The Leuser Ecosystem, comprising protected forest and nature reserves, industrial forestland, numerous villages, and the Gunung Leuser National Park (part of a larger UNESCO World Heritage site), is considered an environmentally strategic area, covered by multilayered laws limiting or forbidding development.

However, illegal palm oil cultivation and mining are widespread, in some cases with government-issued permits. Some 30 companies were operating illegally inside the ecosystem in 2014, according to the Rainforest Action Network.

“At least,” Farhan says, “when the laws are clear, we can sue to get rid of illegal operators.”

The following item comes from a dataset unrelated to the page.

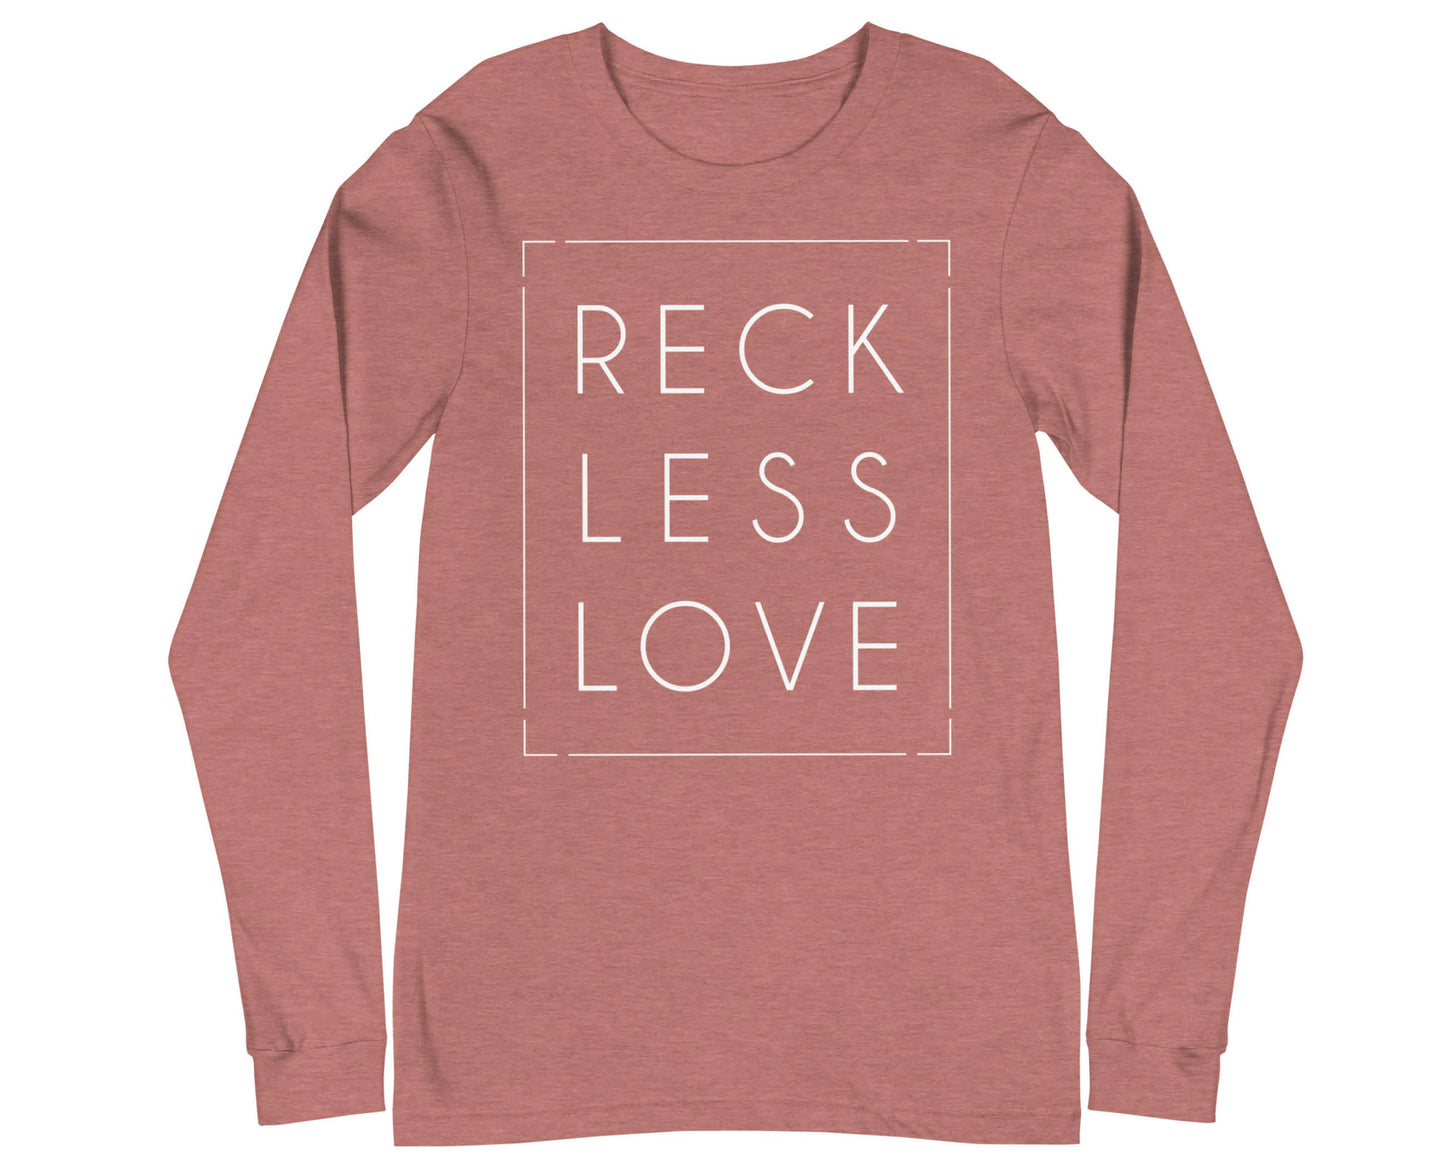 Rectangle Reckless Love Christian aesthetic worship design printed in white on cozy mauve dusty rose unisex long sleeve tee shirt for men and women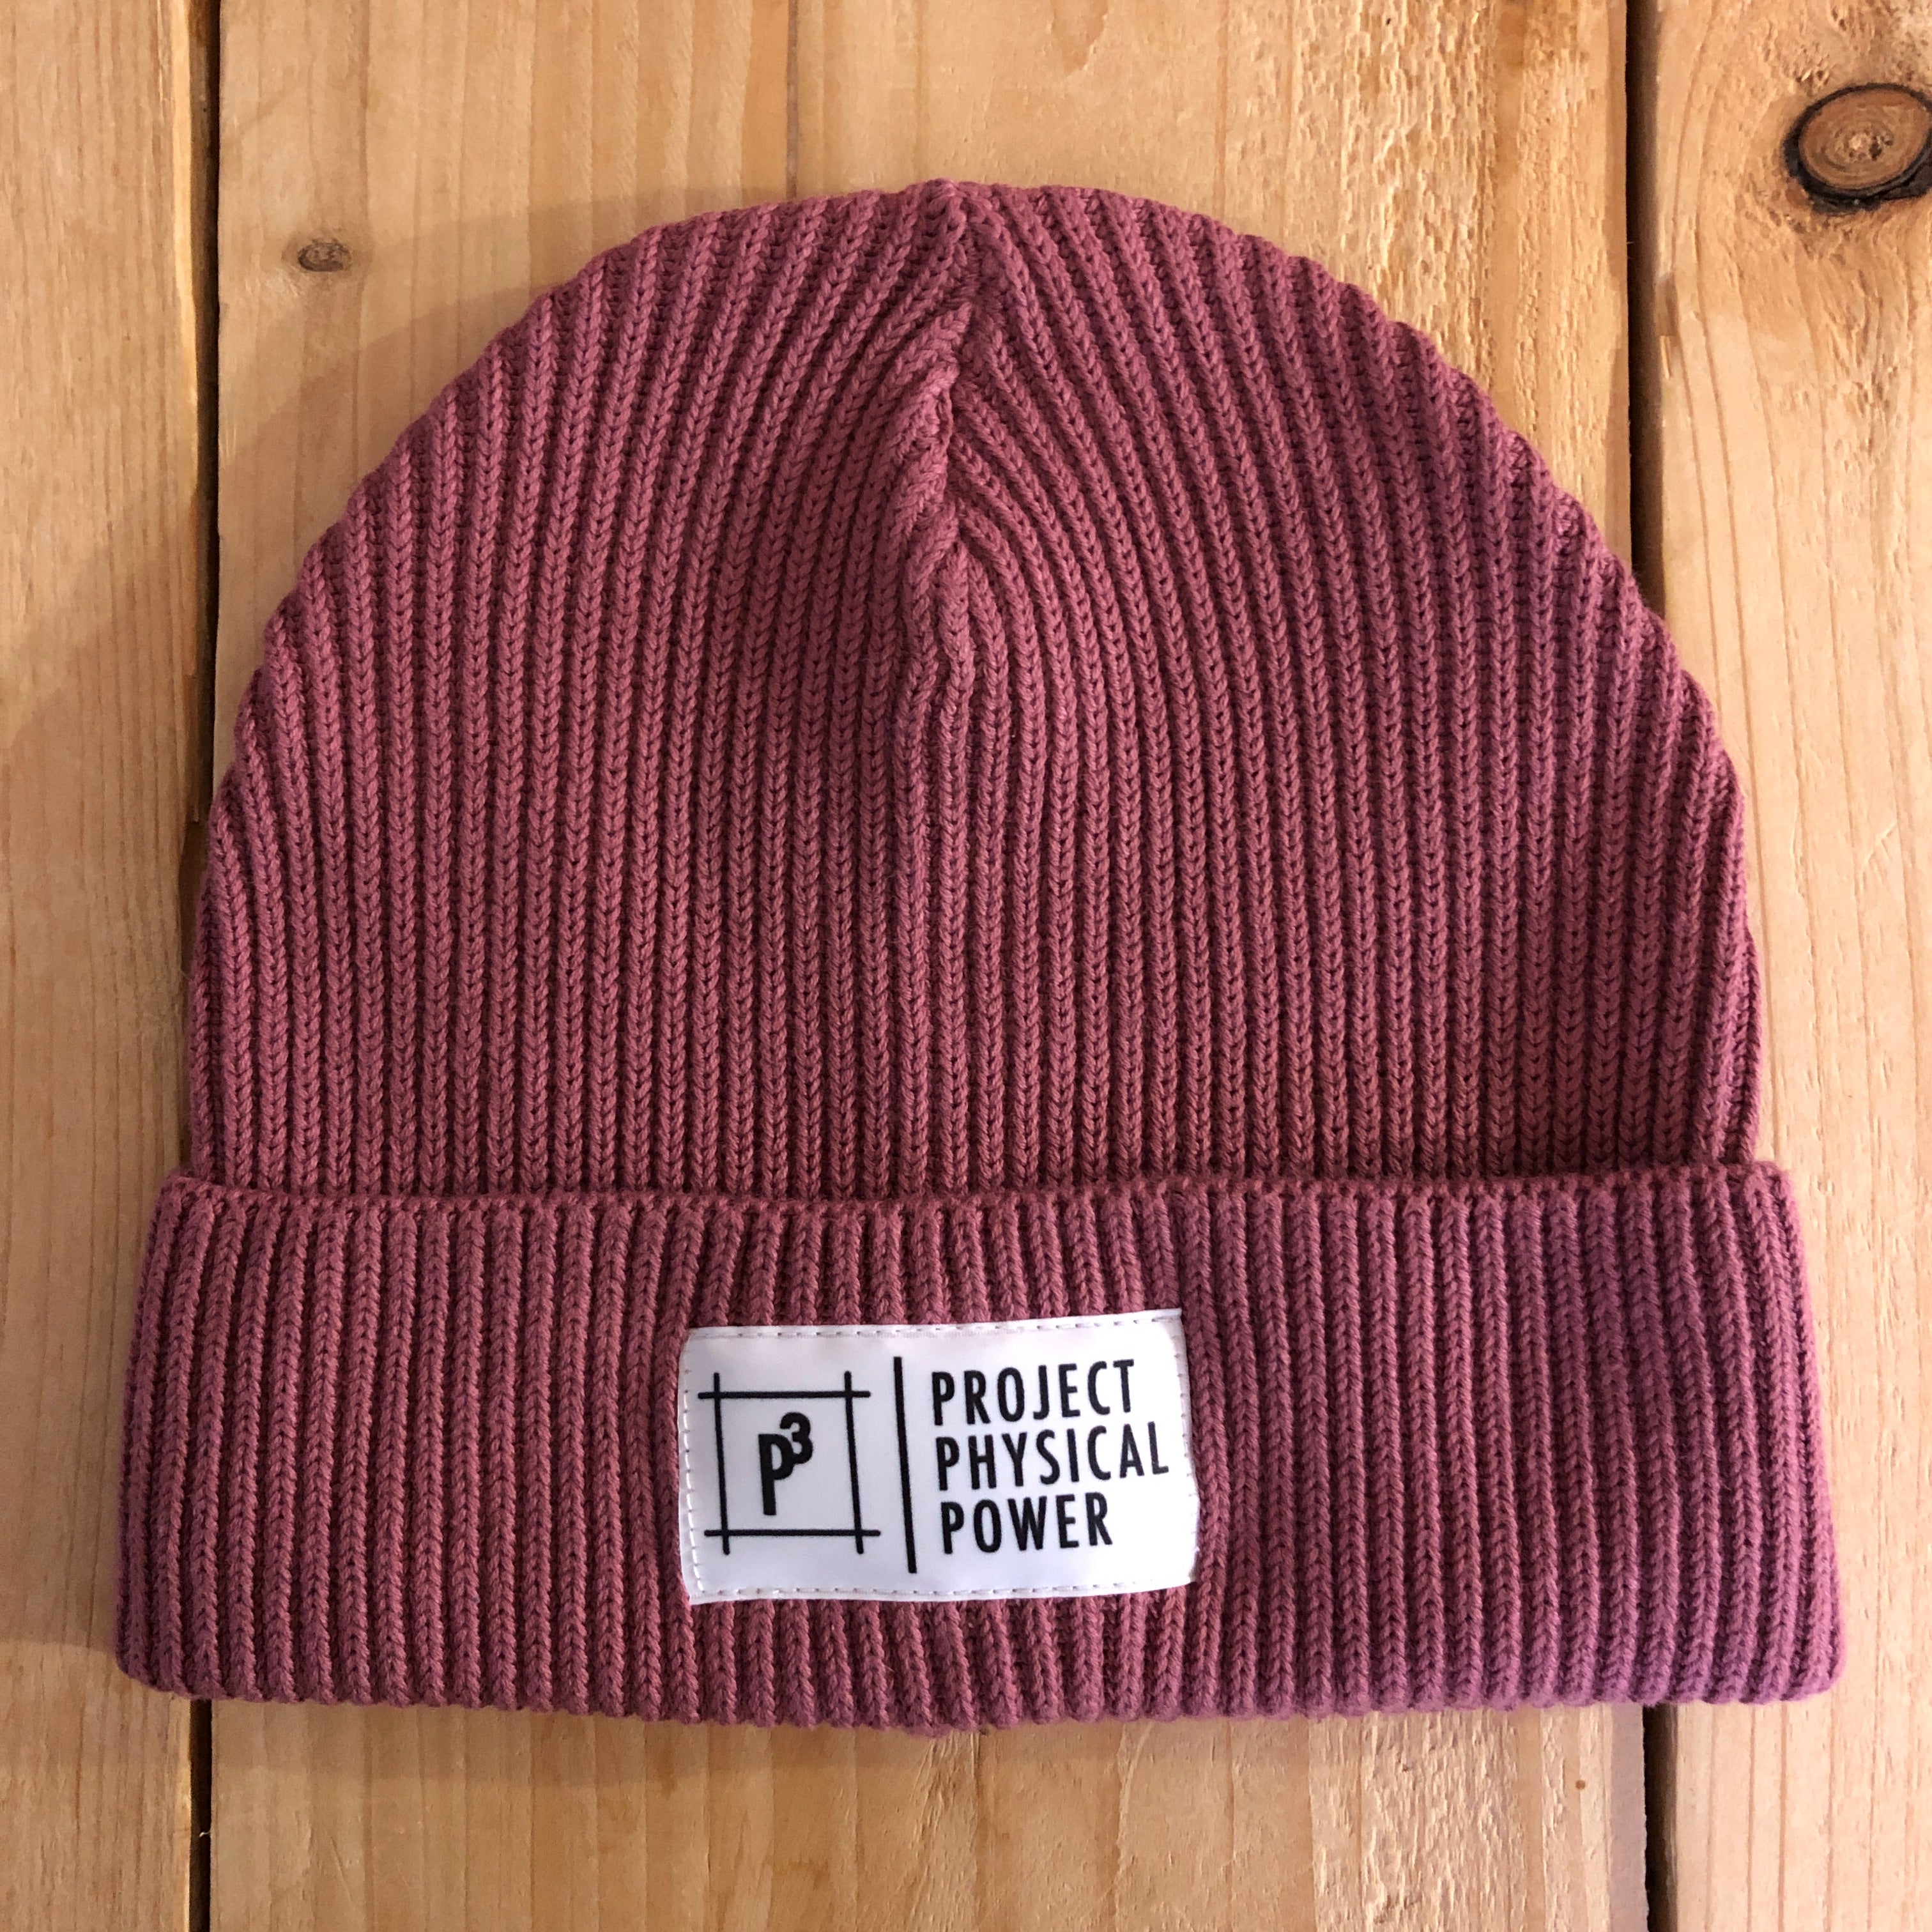 Project Physical Power - P3 Beanie

The lack of legal clarity over Leuser causes problems for law-enforcement officials and investors alike, she says. Companies may be told that they can build a plantation, and then communities or local governments sue them and they have to halt operations.

Since 2014, Indonesian President Joko Widodo has made some efforts to reduce illegal forest activity, such as rejecting 61 palm-oil applications, bringing those implicated in slash-and-burn forest fires to court, and prohibiting peatland conversion for industrial agriculture.

While Farhan and her partners await a decision on their appeal, expected during the summer of 2017, proposals by the provincial government are under way to build three major roads cutting through the east wing of the ecosystem.

Local government officials claim that roads are necessary to connect communities, but, says Farhan, “Logging and poaching become more common as the forest becomes more accessible…and we know that endangered species populations shrink with habitat loss.”

The multiyear process to bring her case to court united citizen groups and community leaders and attracted international supporters, including the actor Leonardo DiCaprio, who featured Indonesian deforestation in his film on climate change, Before the Flood.

“We continue to be optimistic,” Farhan says. “Although we lost in court, we won hearts and minds in the process. I’m stubborn and refuse to accept that…the forest and species like the orangutan could disappear just like that,” she says.